I have a question - this may sound silly but here goes. If this is frostbite then why do the teat ends look semi normal? I have seen frostbite on fingers and toes (thanks to living in Alaska). It is usually down to the very end of the extremity. Why is the reddened portion up above the tip of the teat and more to the front inside rather than the outside and back where you would think that the wind might have affected it worse? Is there any other possibility? Just curious?

Shawna


----------



## Tracy in Idaho (Oct 26, 2007)

Sherrie - I'm going to throw out another idea. I'm not totally convinced it's frostbite. In our years of hitting -50 F, I've never gotten frostbite. I'm wondering if it's just not her stomping on herself when she gets up? OR, another goat stepped on that one teat to make it look so bad?


Those FFs can be really hard on themselves until they learn to manuever around a full udder. Have you seen her chewing on them at all? I had one that wouldn't "nurse" but she would chew on her teat when she first freshened -- up in the middle of the teat like. It looked an awful lot like your girl's.

Has it changed at all?


----------



## Faithful Crown Nubians (Dec 5, 2007)

What about it getting frostbite if it wasn't dried off good? Sherrie said she might not have got it dried off because of another goat kidding at the same time...
If they normally don't get frostbite in cold weather, would the teats being wet or a little wet have anything to do with it??

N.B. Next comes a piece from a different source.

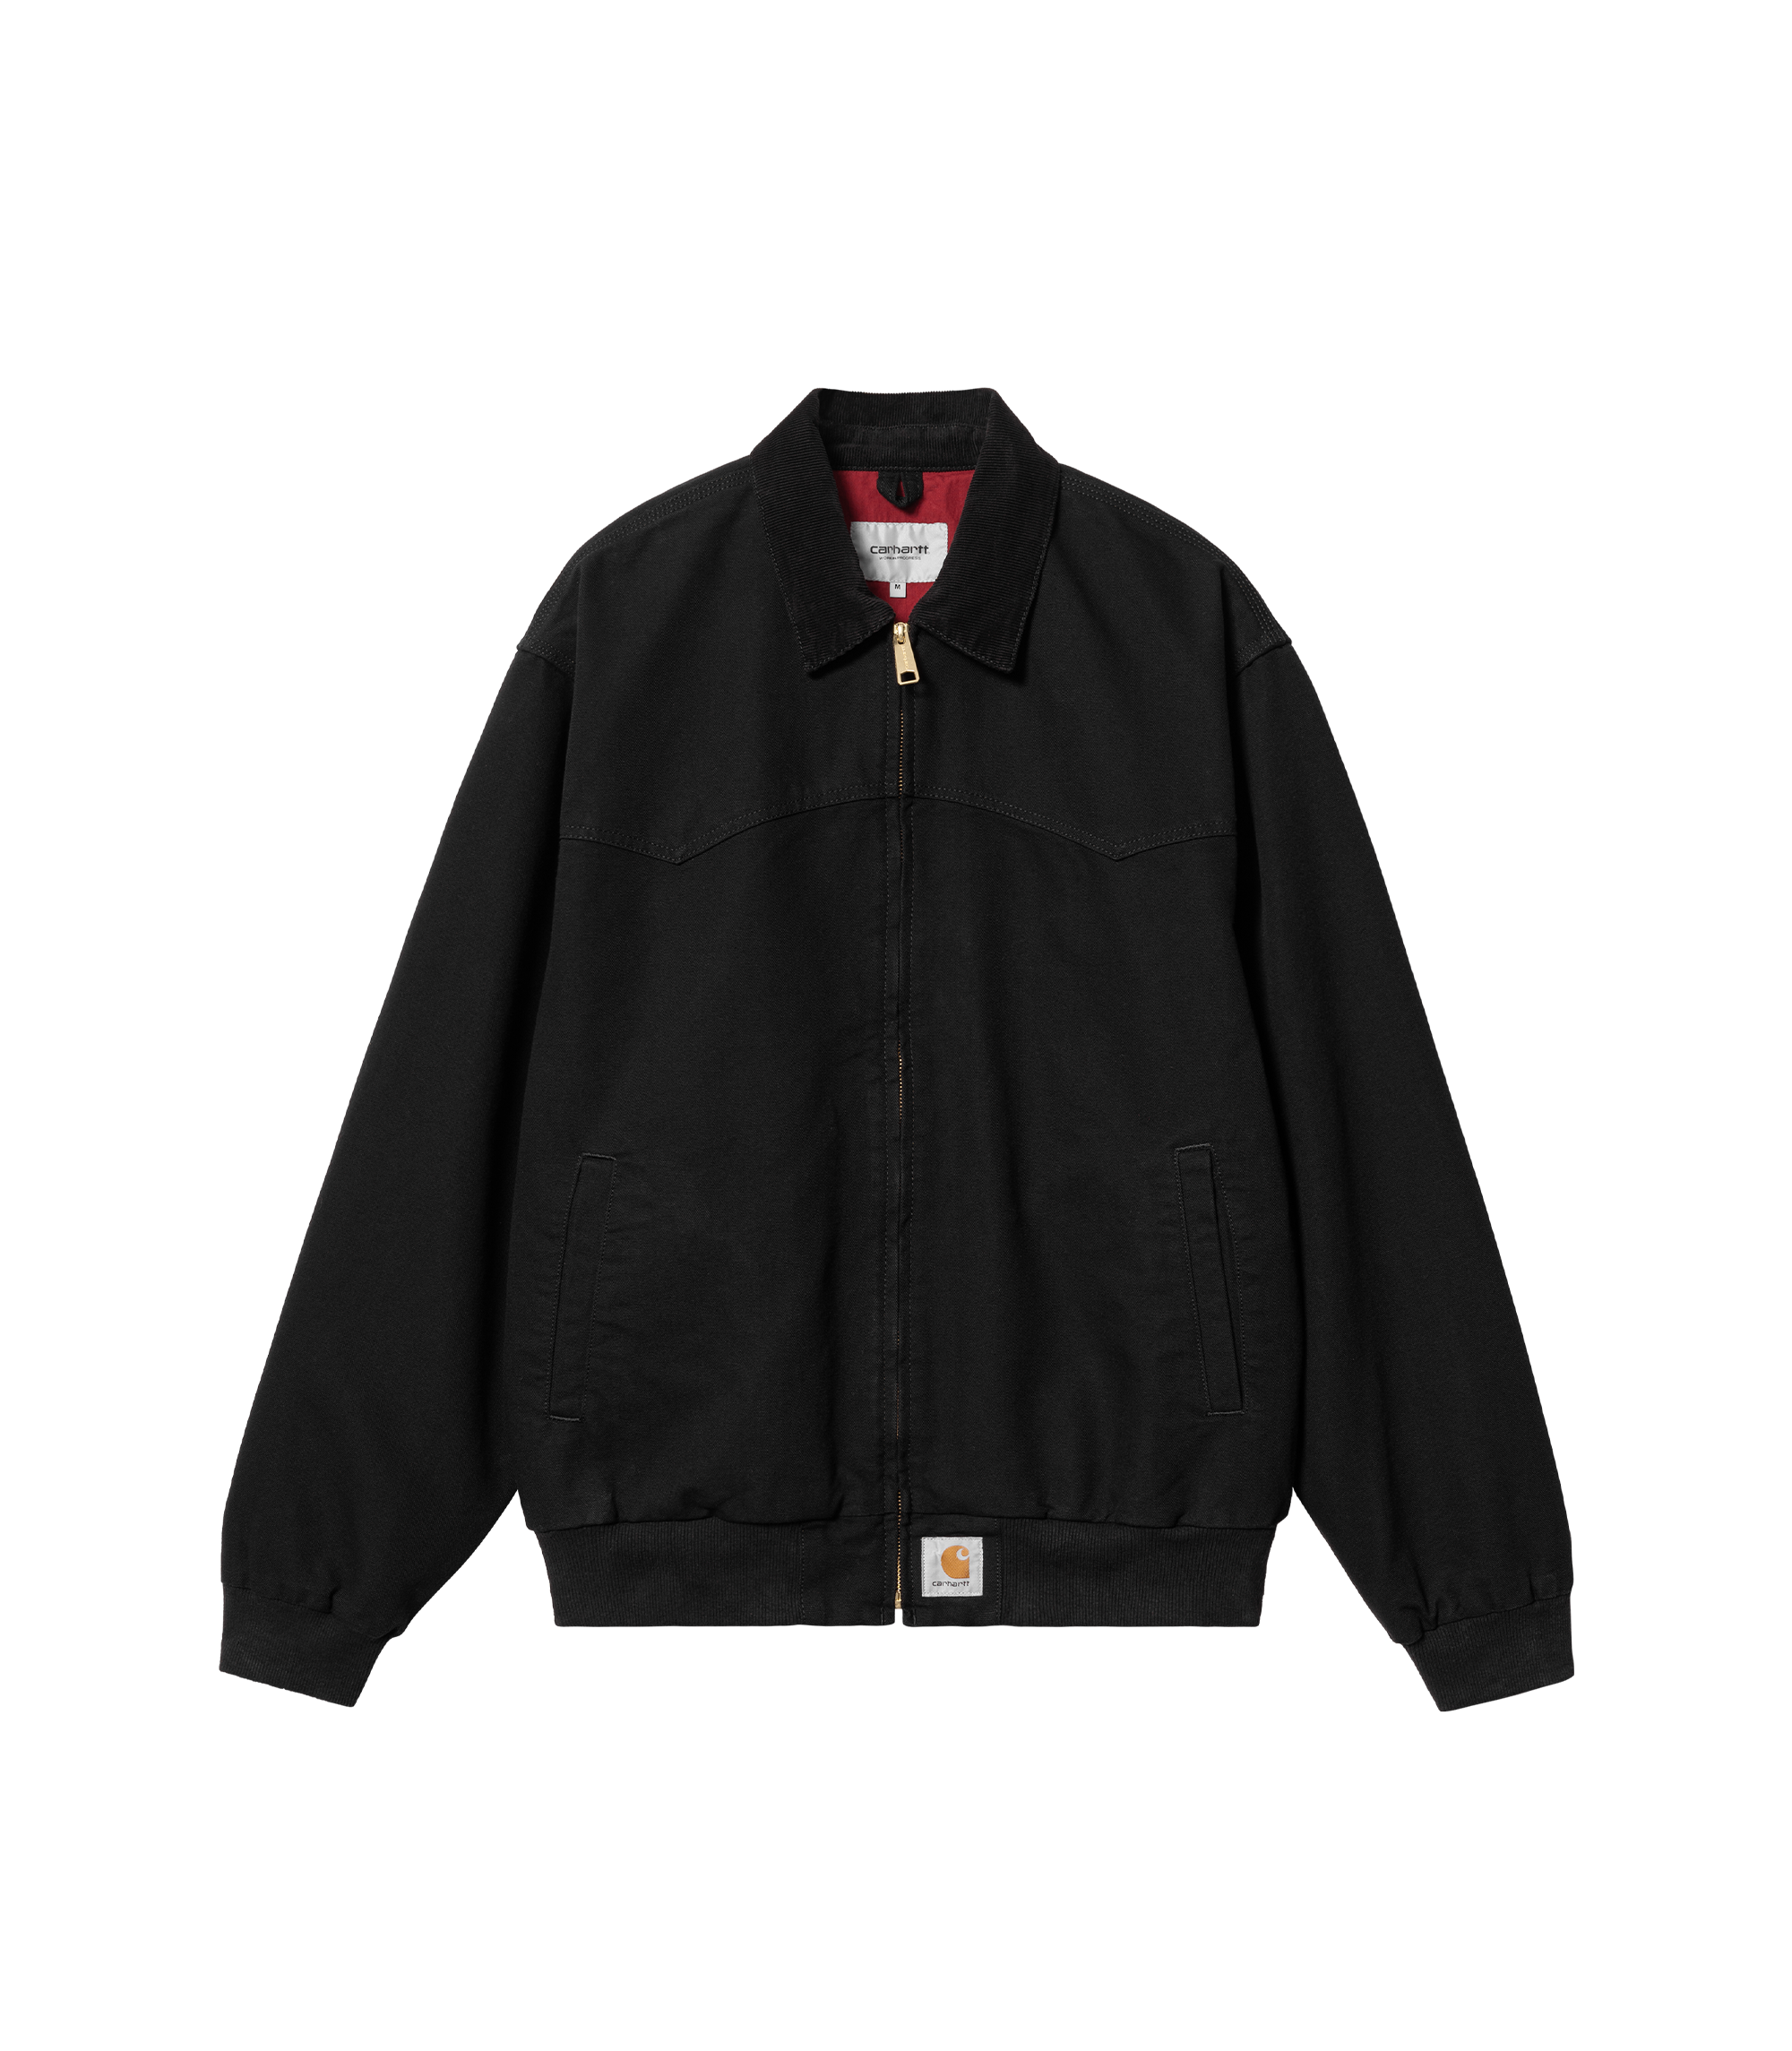 OG Santa Fe Jacket - Black

Just wondering for future reference. I'm sure I'll be milking in the winter eventually!


----------



## Ashley (Oct 25, 2007)

This looks just like the doe my grandpa had. She freshened and her teats was inflamed. She wouldn't let her buckling nurse. At first we milked her (which was a horrible ordeal with her fighting as it hurt) and were putting it in the bottle for the baby. One teat was worse than the other. The better teat healed ok, but the other teat was very red at first but then the skin became leathery and the whole thing was a scab. Anyway, we finally (after a couple days) got smart and got a catheter and would use some vaseline to insert it and just drain the milk out. This was MUCH easier on the doe and finally allowed it to heal, the outter part of the teat fell off after a while, like a ring. She eventually ended up with one side that basically didn't work. But we really didn't know what we were doing, and I know if we had just never milked her to begin with, it would have probably healed better. It wasn't my doe and I was going over there twice a day to help.


----------



## SherrieC (Oct 26, 2007)

Hello, taking a quick lunch break here : ) I think Maybe Tracy's Right. It doesn't look worse, it does seem to have a hoof print on it. 
Ken if I did need a cannule. I have plenty of experience with that having a saanen doe almost deglove a teat here. We super glued it back on. I keep on hand a box of Disposable Cannules for just such an emergency. I had to drain her for two weeks. Cleanliness is a MUST. 
thank you for your detailed answer on what to do. I'm going to print that out, just in case it is frostbite, and save it in case I ever have a case of it.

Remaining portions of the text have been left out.